Chevrolet K5 Blazer-E Concept – zamiast bulgotu V8-ki cisza elektyka
Zestaw do konwersji nazywa się „eCrate” i oferuje go samo General Motors. Zawiera on wszystkie niezbędne elementy do przeróbki na samochód elektryczny. Pokazem możliwości zestawu został właśnie Chevrolet Blazer K5 z 1977 roku, którego gruntownie odnowiono. Odrestaurowana trzydrzwiowa terenówka otrzymała nazwę Chevrolet Blazer K5-E Concept. Oferowany przez GM zestaw eCrate składać się ma z silnika, baterii, inwerterów mocy, okablowania, sterowników a także pomp cieczy do ogrzewania i chłodzenia baterii.

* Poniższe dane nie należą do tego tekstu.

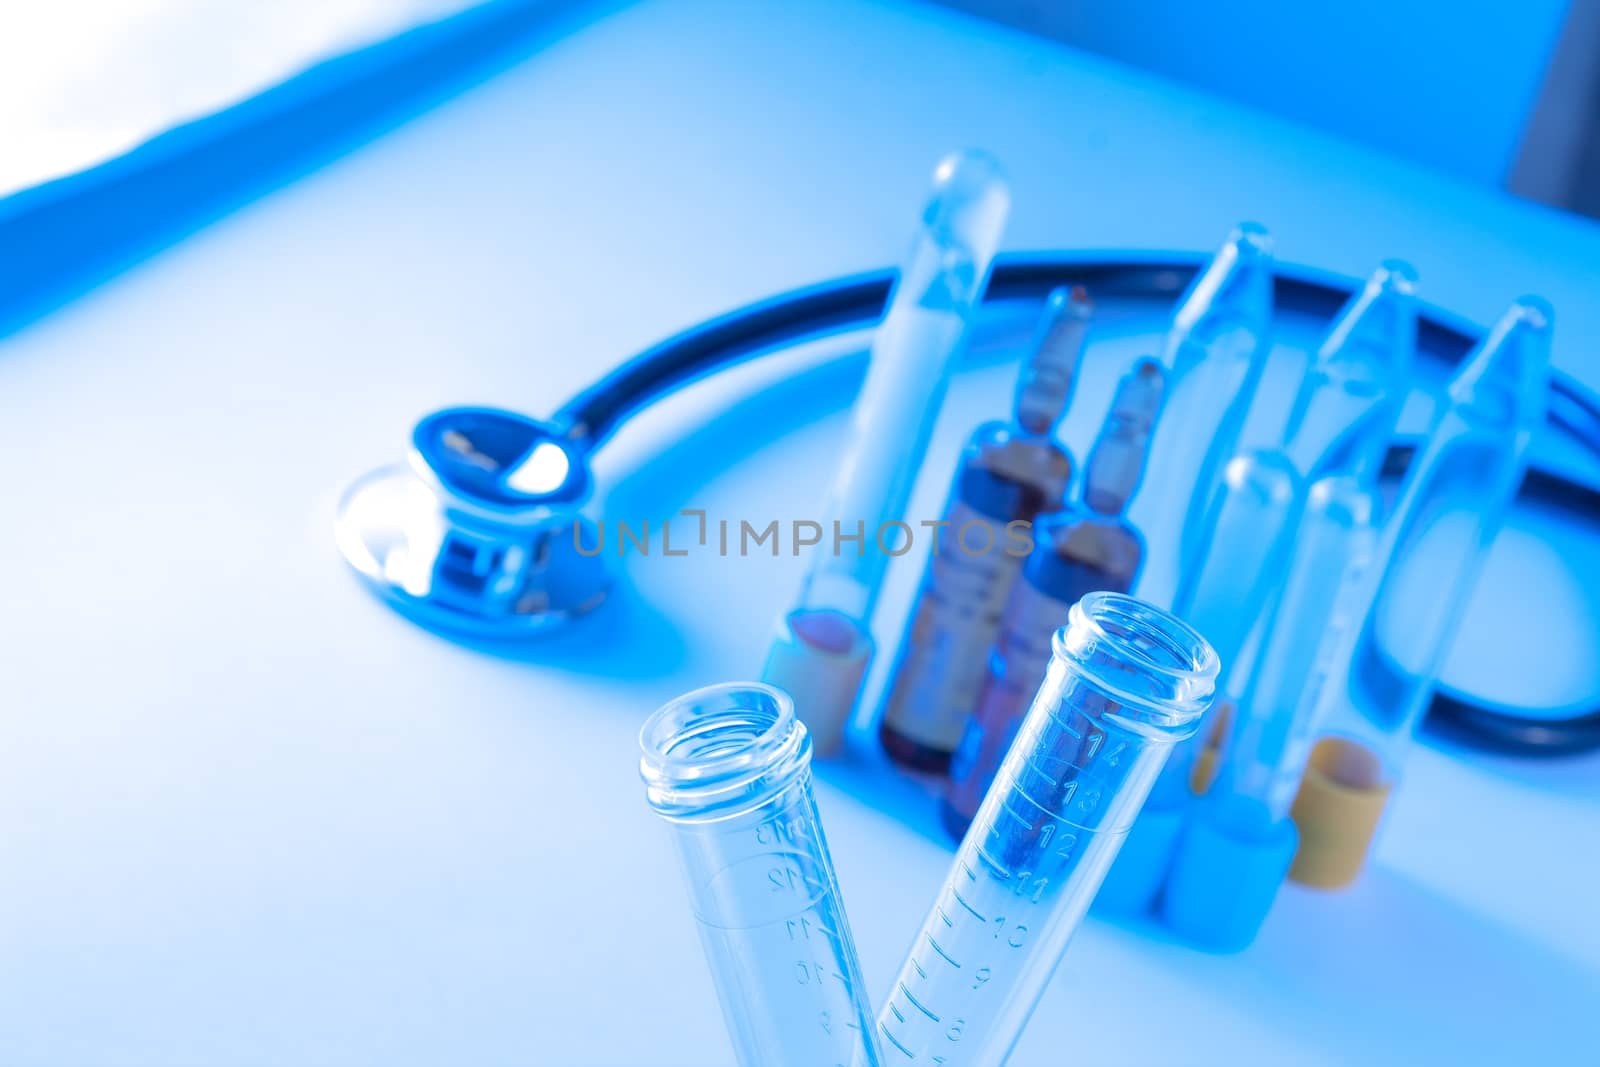 detail of test tubes in laboratory near stethoscope on blue light tint background

Standardowo kultowy Chevy oferował 6.6-litrową jednostkę V8 na gaźnikach, zapewniającą 175 KM i 393 Nm oraz wspaniałe brzmienie. Mocarną V8-kę zastąpiono pochodzącym z Chevroleta Bolta silnikiem elektrycznym o mocy 200 KM i maksymalnym momencie obrotowym 360 Nm. Za przeniesienie napędu 0dpowiada czterobiegowa skrzynia automatyczna. Pozostawiono natomiast przeniesienie napędu, most, skrzynkę transferową oraz osie.
Zestaw eCrate – co warto o nim wiedzieć?
Zamiast układu paliwowego i zbiornika paliwa mamy do czynienia z zestawem baterii o pojemności 60 kWh. Zamontowano go na skrzyni, co niestety odbiło się negatywnie na możliwościach ładunkowych Blazera. Szkoda, że akumulatorów nie schowano w bardziej subtelny sposób. Producent nie podał jednak zasięgu auta. Z elektrycznego Bolta przejęto również system nagrzewania układu napędowego oraz funkcję rekuperacji energii.
Wprowadzono również parę innych zdobyczy XXI wieku, m.in. w postaci elektrycznego wspomagania układu kierowniczego oraz elektrycznej pompy hamulcowej. Pojawiły się też nowe zegary ze specjalnym wskaźnikiem poziomu naładowania akumulatora.
Chevrolet Blazer K5-E Concept jest kolejnym dowodem na to, że hasło „zrób z klasyka elektryka” jest wciąż bardzo modne. Ciekawe, na ile Chevrolet wyceni zestaw eCrate dla Blazera.